The life of the disciple in this world is not roses. The grace of forgiveness and new life is heady, but there are some thorns. The biggest is probably the half completed nature of salvation. That is not the half completed nature of salvation to eyes with faith, but if you look at the cross without faith, it looks like a king who didn’t have enough troops. And that cross is the pattern of discipleship. Here, we follow the crucified one. We feel like we have 10,000 troops going against 20,000.

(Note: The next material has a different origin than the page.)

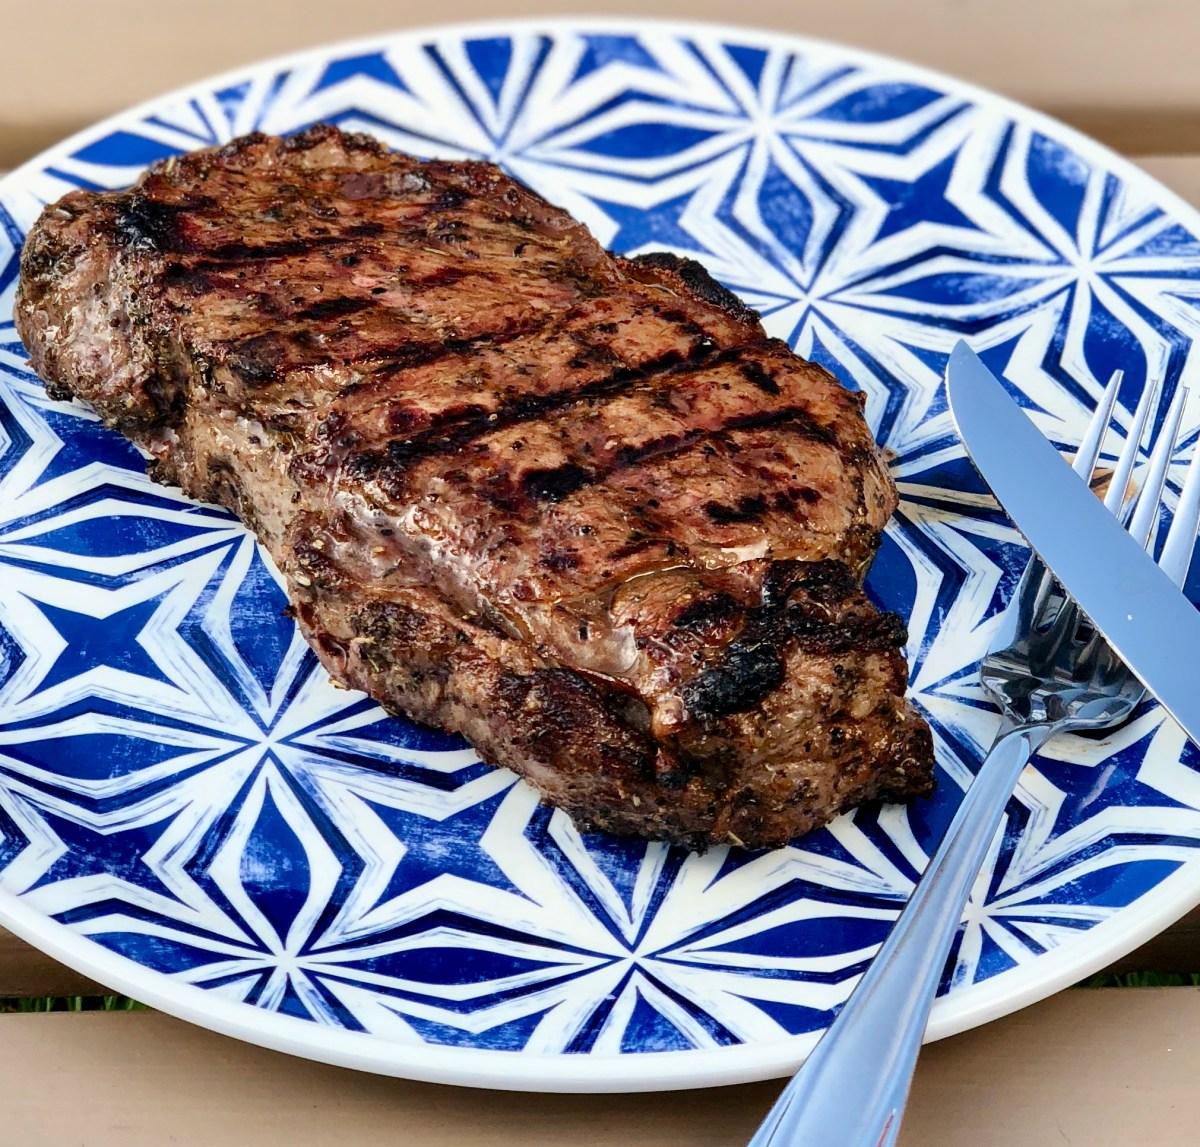 My All Time Favorite Steak Marinade! by Happylifeblogspot.com #steak #grilledsteak #steakmarinade #howtogrillasteak #marinadeforsteaks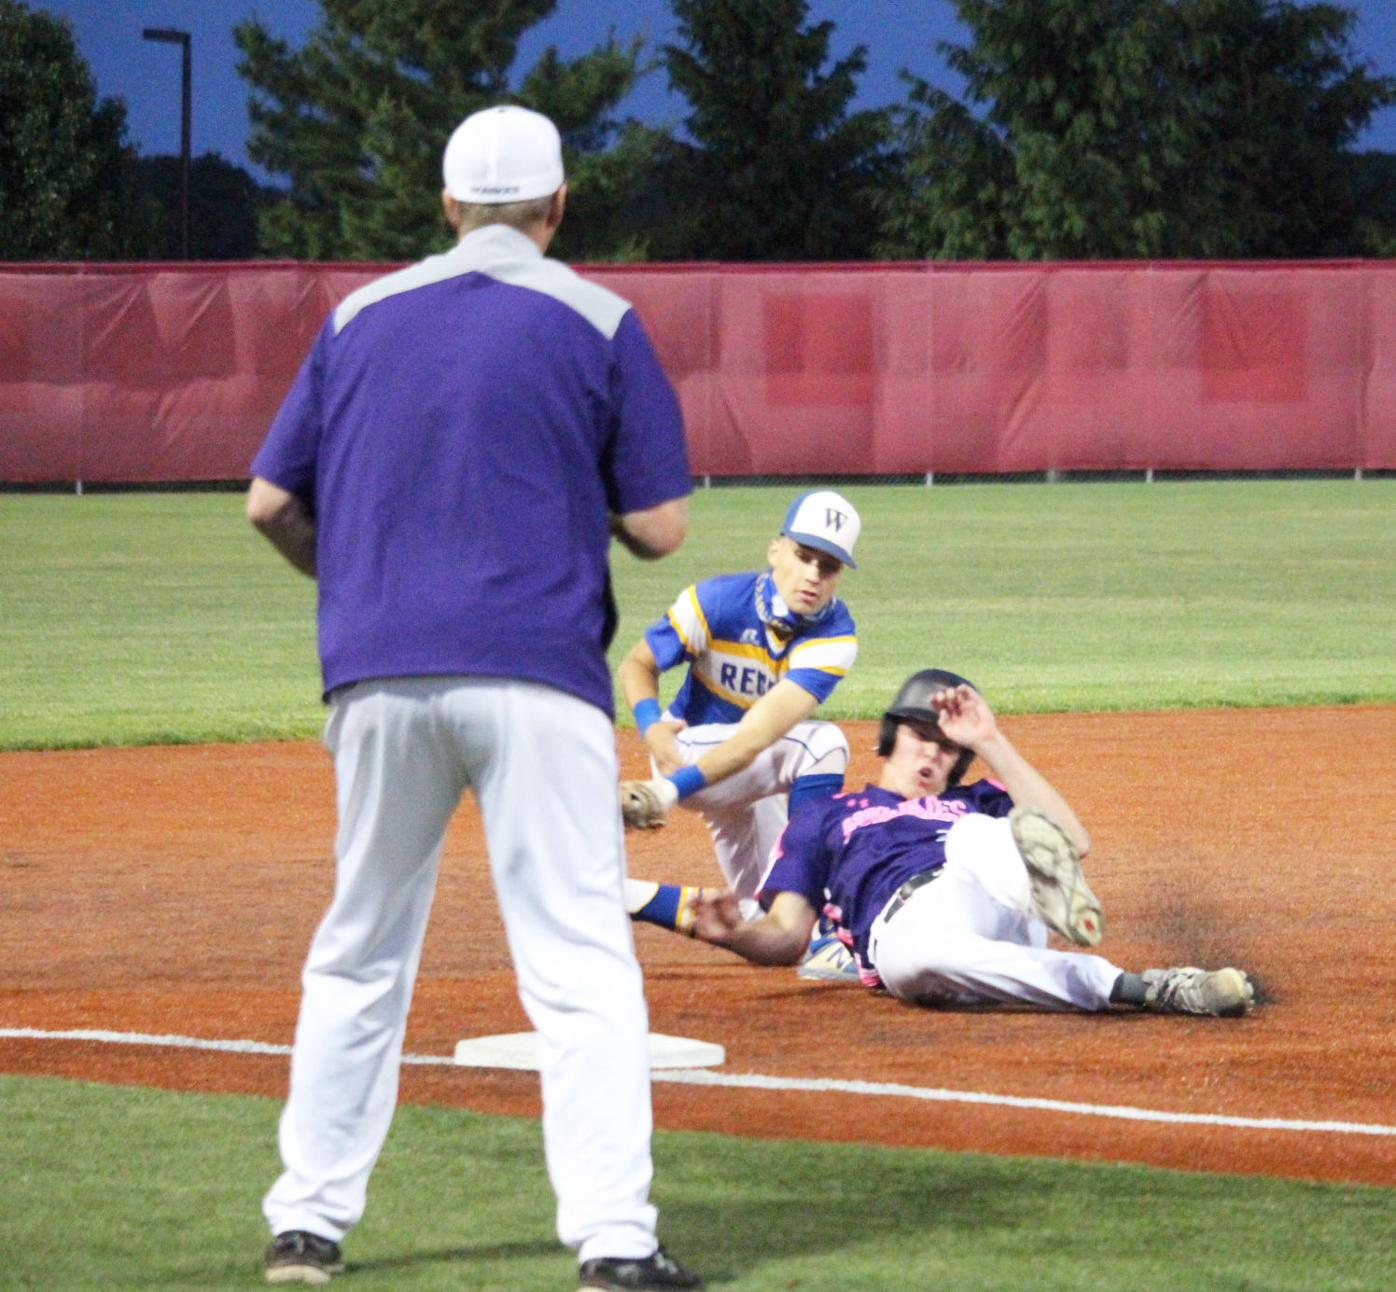 Sliding into third base

Maybe it is just my phlematic german coming out, but I’ve never understood shiny-happy American Christianity. Sanctuaries that hid the cross, preachers that talked about wealth and prosperity, seven biblical secrets to a great life. I really throw any form of progressive-ism in the same boat. We’ve had 100 years of amazing progress in medicine and technology and what are the stats: higher rates of suicide, huge numbers on anti-depressants, shameful rates of incarceration and long-term unemployment. I’m not against “progress”. I liked being able to get my gall-bladder taken out and my youngest having surgery without great worry. These are blessings, but hold them in their place. The reality is life under the cross. Orthodoxy speaks reality better than anything I’ve heard. The cross does not preclude joy. For the joy that was set before him, he endured the cross (Heb 12:2). But the joy comes through the cross, not around it. Everything else seeks to avoid the cross, or deny it, or minimize it. The disciple embraces it. Not without understanding – count the costs – with understanding the disciple embraces the cross and the only solid foundation, even if it looks half built to those perishing.